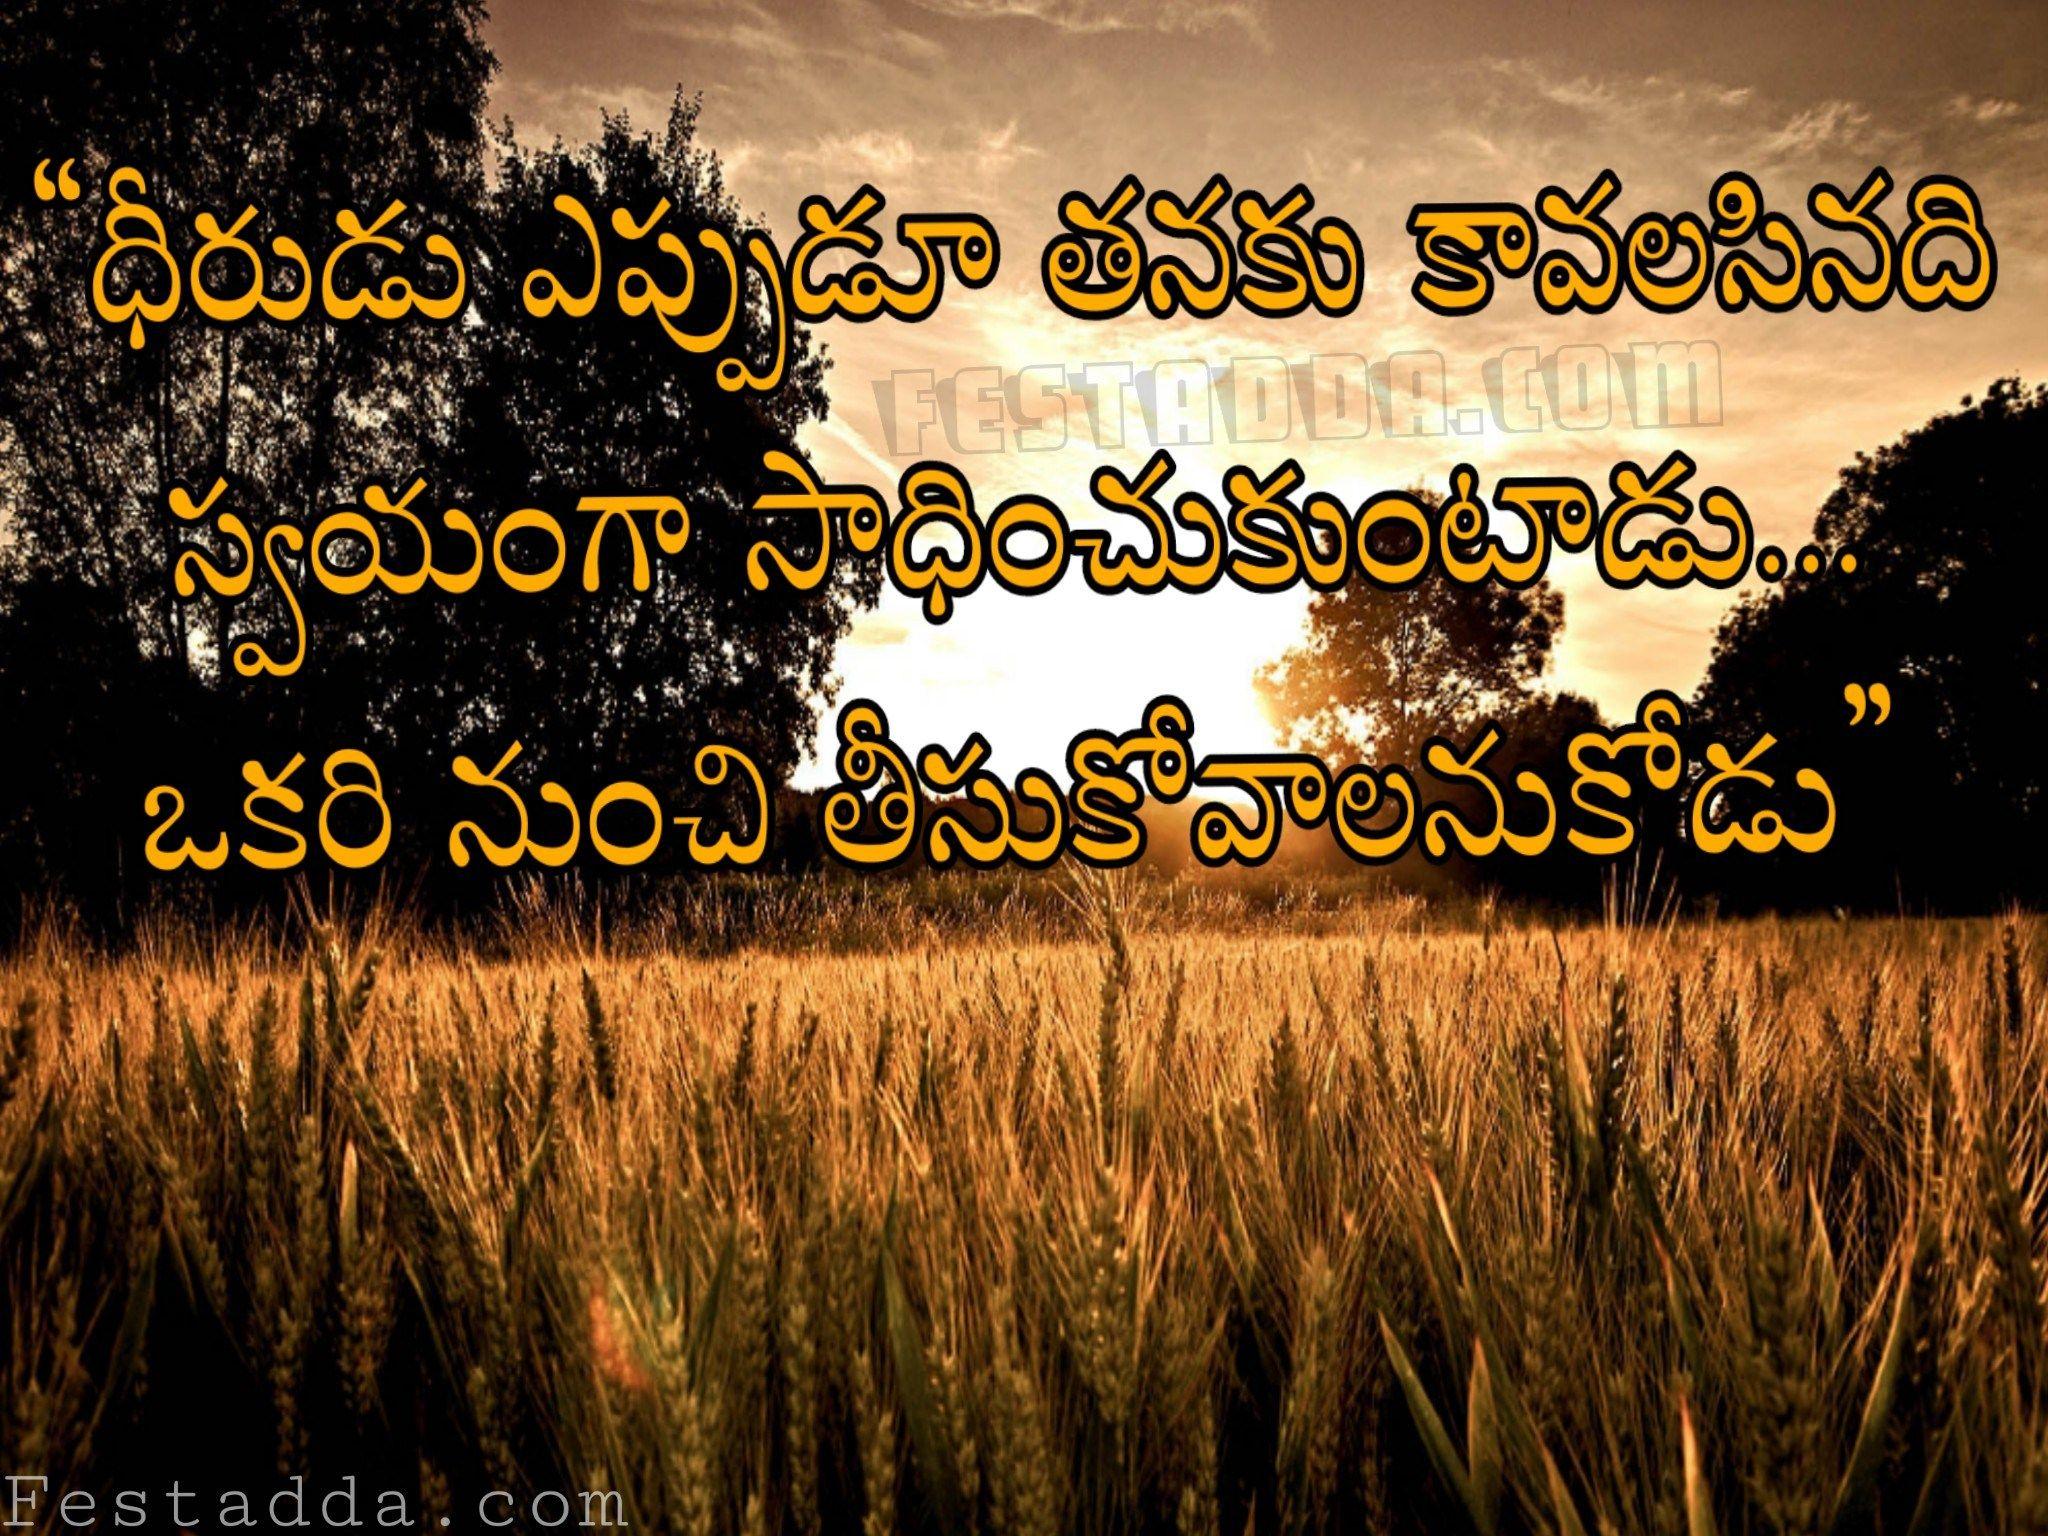 Motivational Quotes In Telugu Pdf Download Successful Life Quotes Quotations Success Images
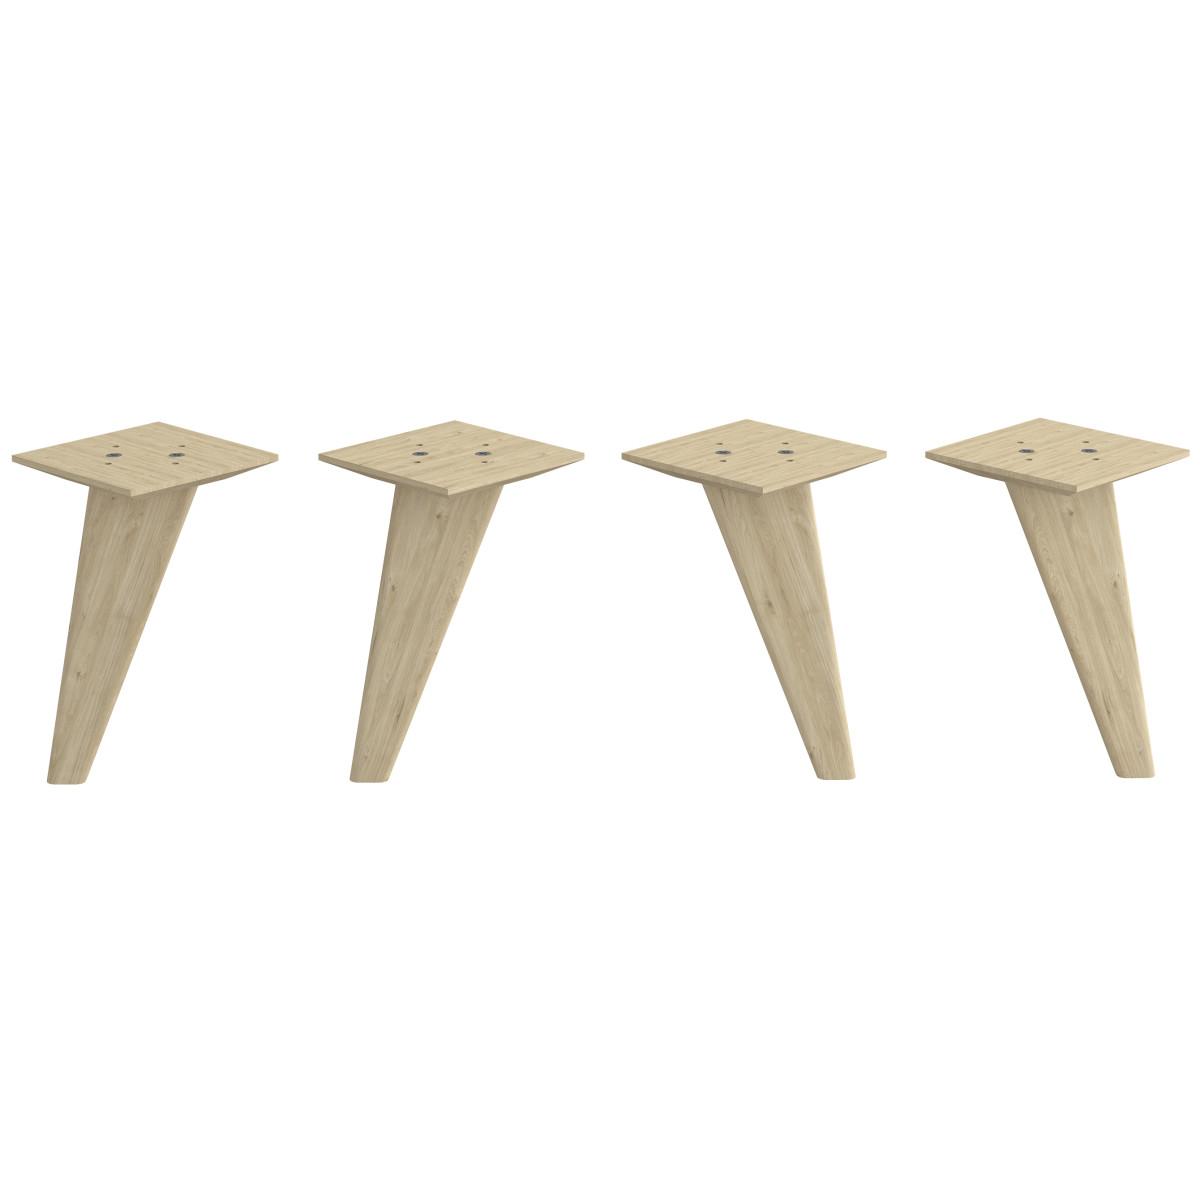 Набор ножек мебельных Spaceo KUB 4 шт
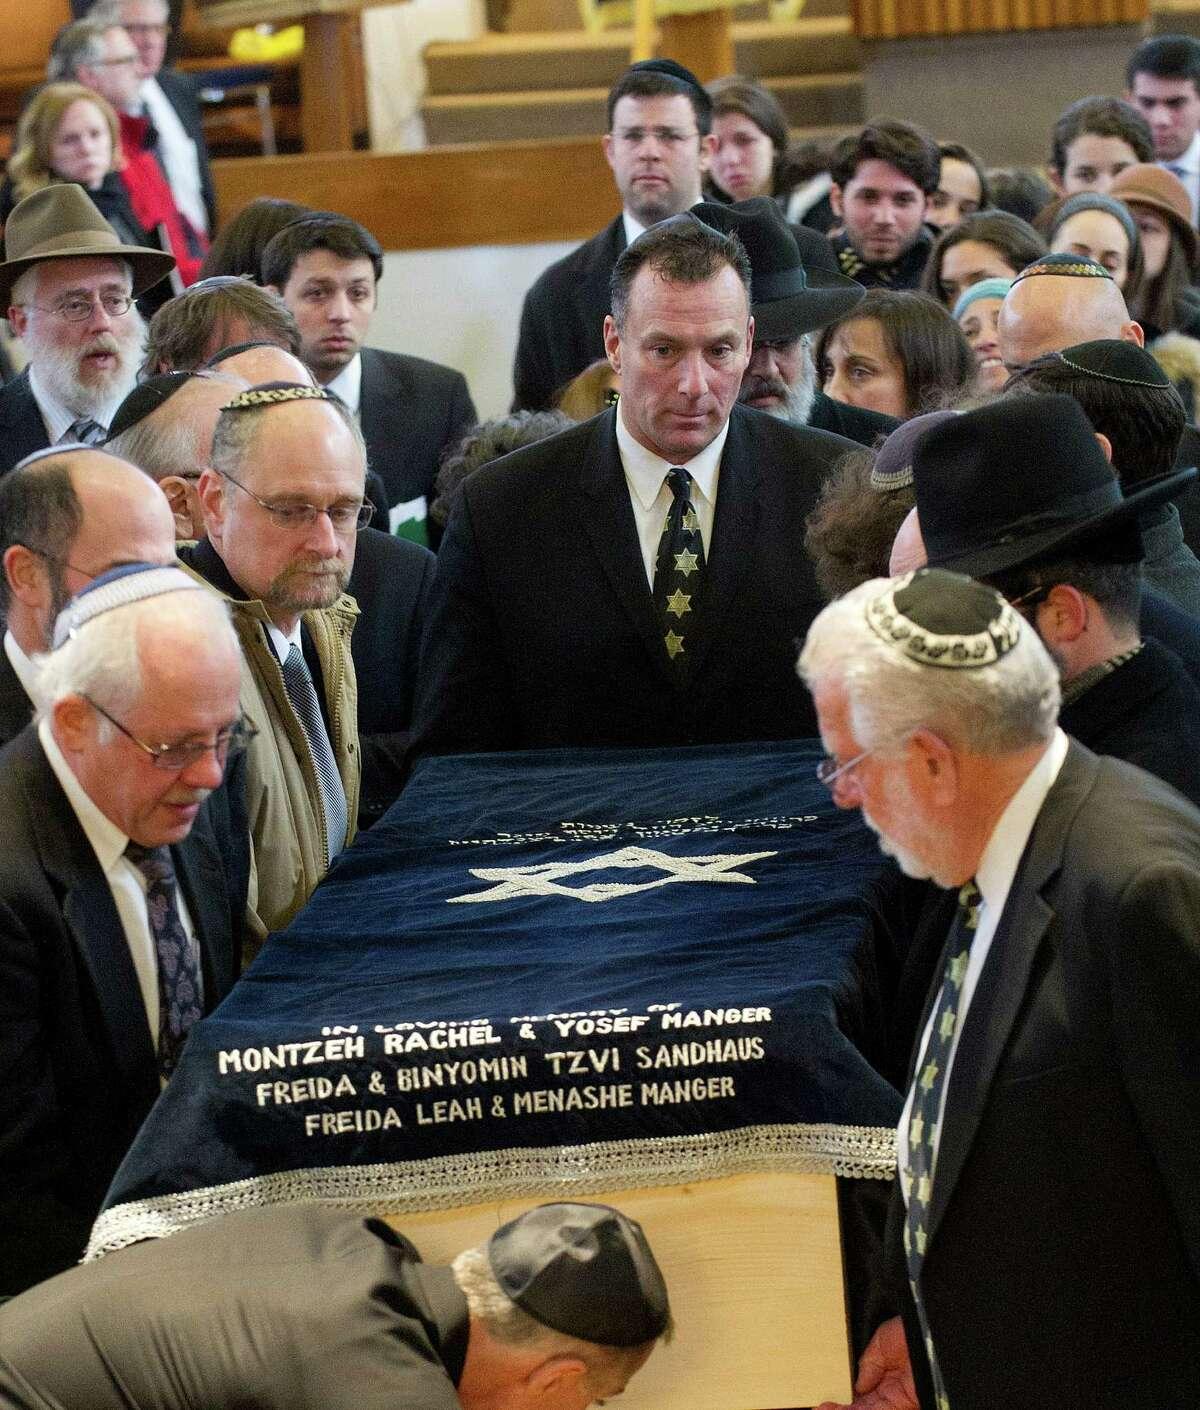 The recessional exits the funeral for Rabbi Joseph Ehrenkrantz at Agudath Shalom on Tuesday, February 25, 2014.

§

**Work request**: Keeping every word as it is, write out all the data and omit the pictures.

**Exercise result**:
 Motivational Quotes In Telugu Pdf Download Successful Life Quotes Quotations Success Images
 Набор ножек мебельных Spaceo KUB 4 шт
 The recessional exits the funeral for Rabbi Joseph Ehrenkrantz at Agudath Shalom on Tuesday, February 25, 2014.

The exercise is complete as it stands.